It is said that mmap()
maps files to the memory, and it costs to the virtual address space memory of the calling process. Does it really copy data to the memory, or
"virtual memory" of a process is the range of addresses available to it. To make something available in memory, you need to reserve a range of addresses, so mmap()
takes up some virtual memory.
Under Linux (and many other systems probably use similar mechanism), when reading a file, the content is first read into memory allocated by kernel (in Linux this is the "page cache"). Than if you use mmap()
, this memory is simply made available to the process by assigning it some address in that process' address space. If you use read()
, the process allocates a buffer, which needs both addresses (virtual memory) and a place to live (physical memory) and the data get copied from the page cache to that buffer (more physical memory is needed).
The data is only read from disk when actually accessed. In mmap()
case it means when you actually address the memory, in read()

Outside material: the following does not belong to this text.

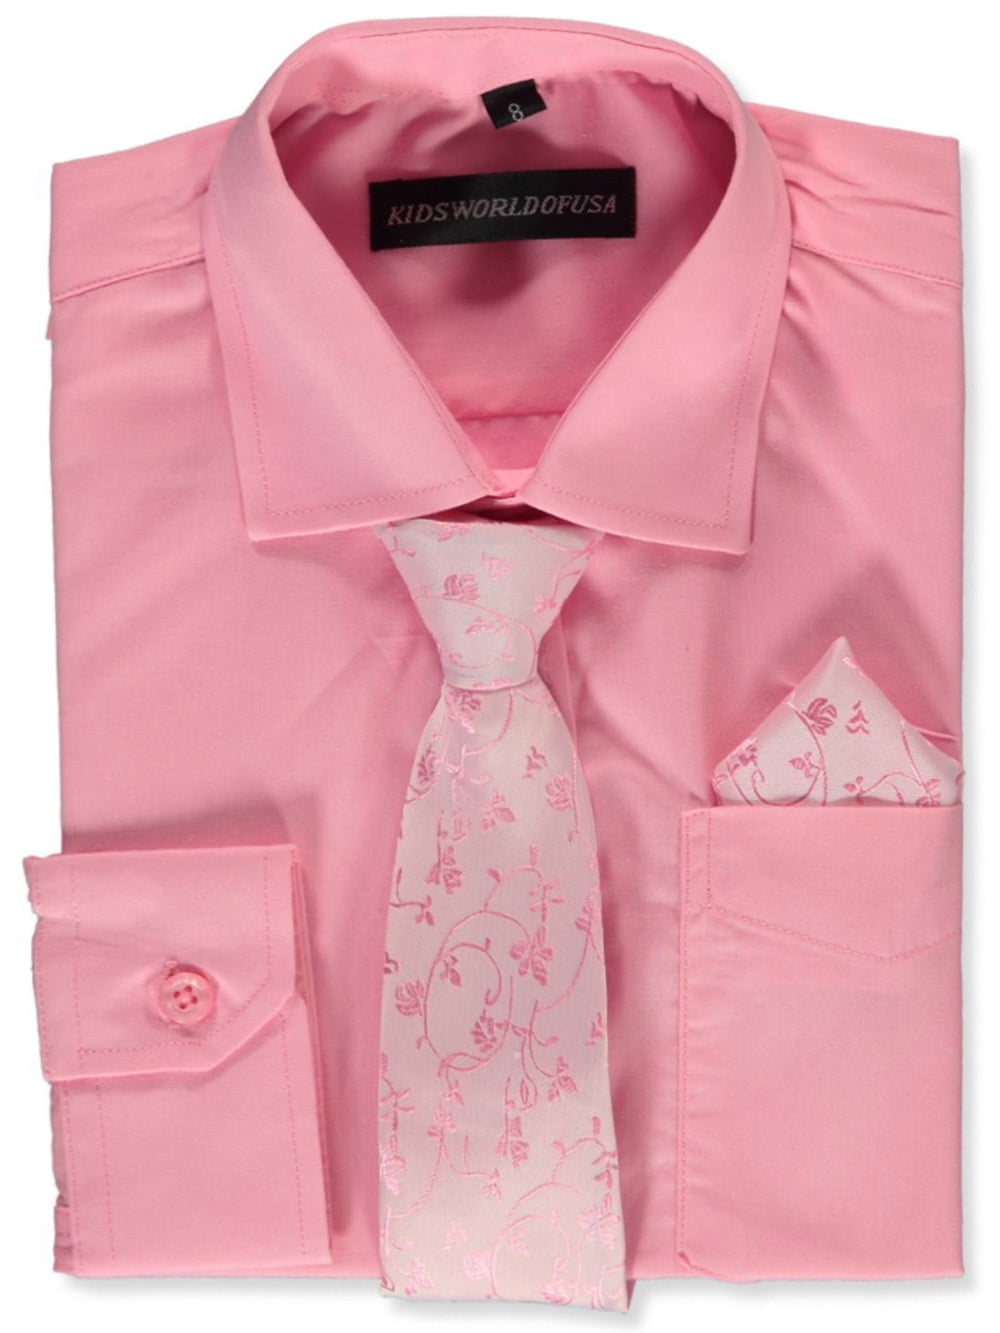 & Kids Shirt - 12 (Patterns Boys\' May Tie (Big Vary) Boys) World Dress rose,
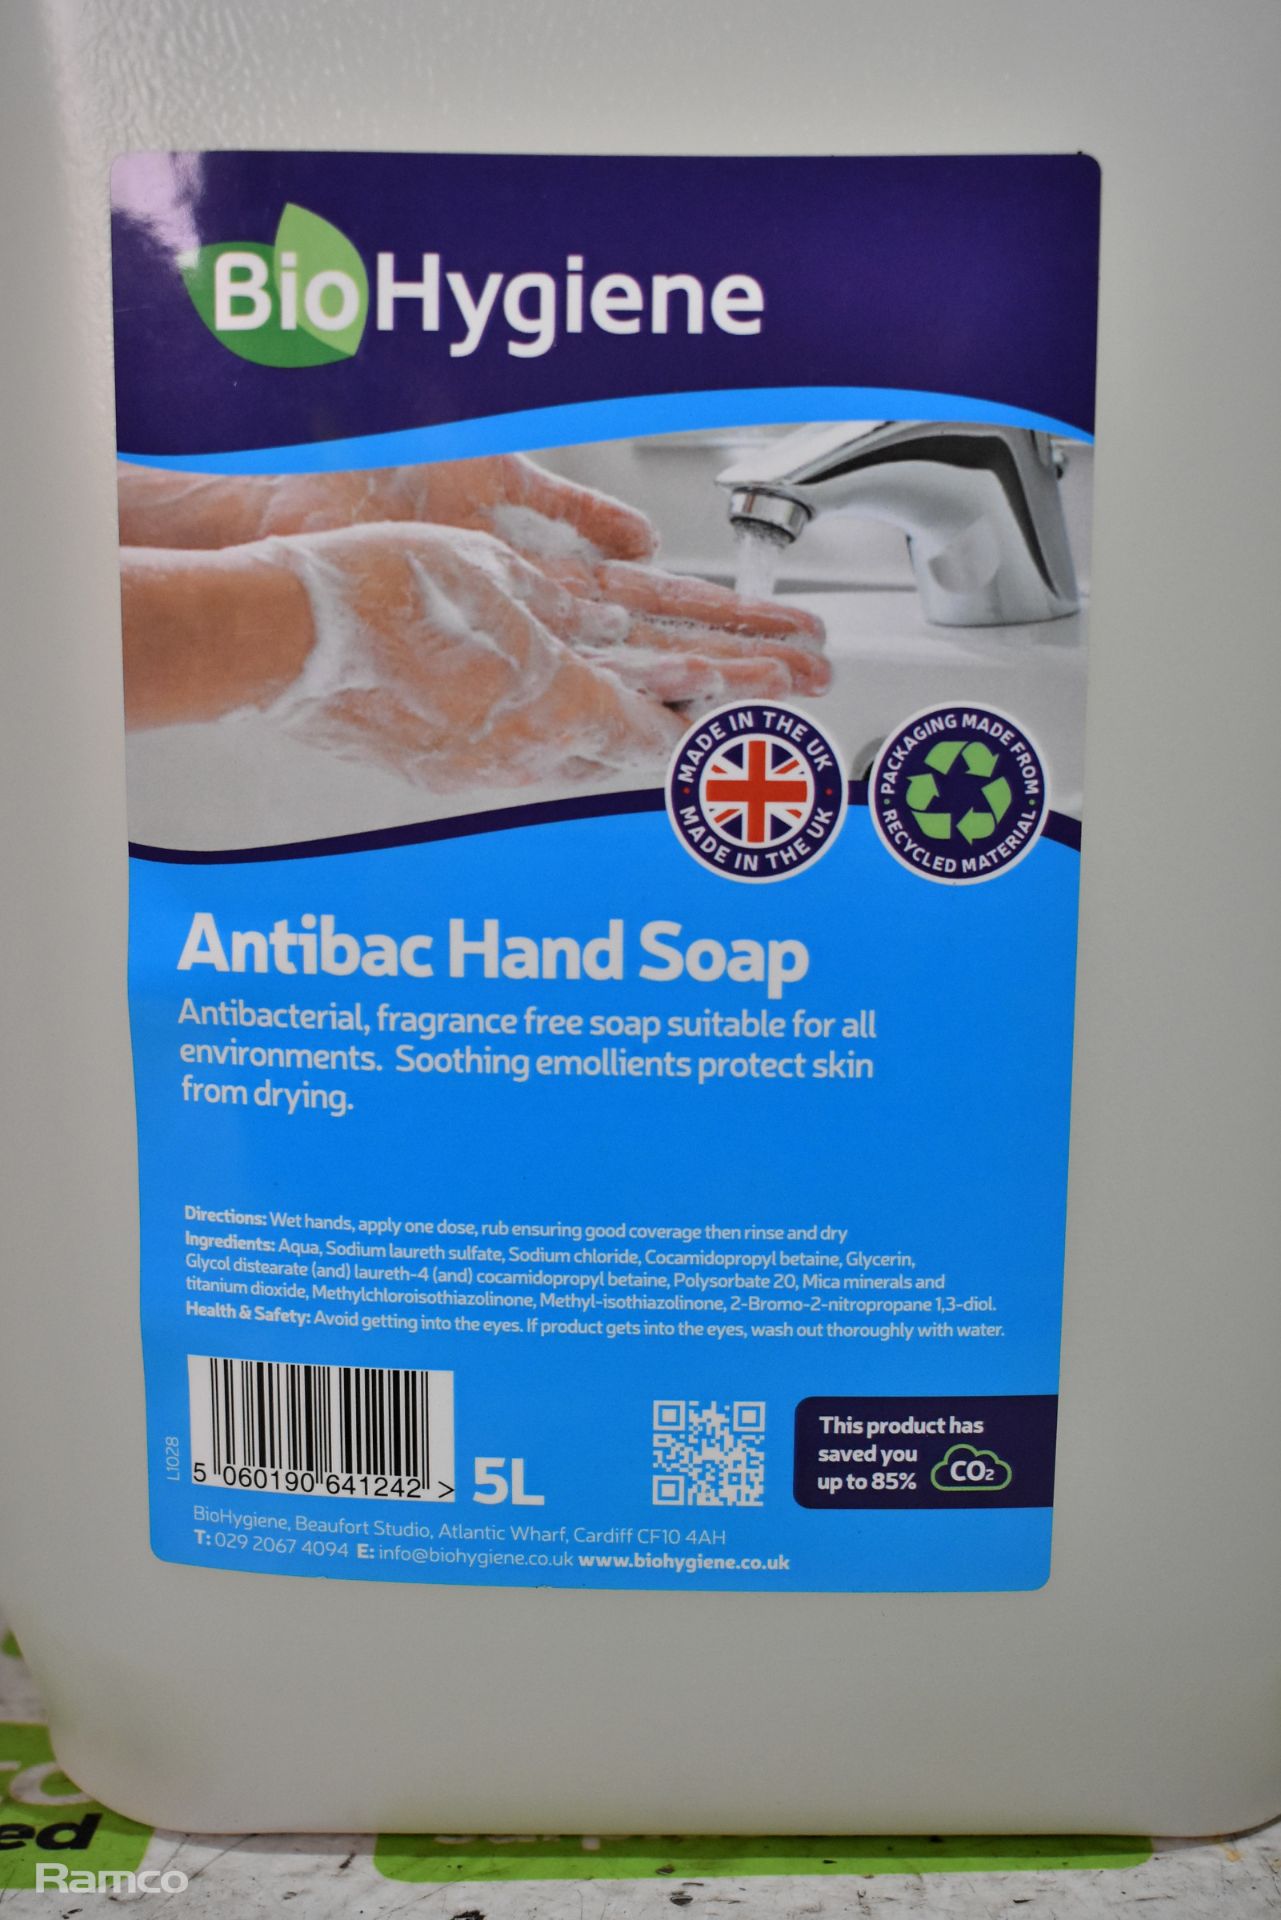 3x boxes of Bio Hygiene 5L anti bac hand soap - 2 bottles per box - Image 2 of 3

it is the copy to your buffer, so inside the read()
call.
Thus mmap()
is more efficient for large files, especially for random access. The disadvantages are that it can only be used for files and not file-like objects (pipes, sockets, devices, /proc files etc.) and that an IO failure is detected during the page-fault, where they are difficult to handle (it sends SIGBUS signal), while read can return error and the application can try to recover (most don't anyway). The later is mainly concern for network filesystems where IO failure might be because of lost connection.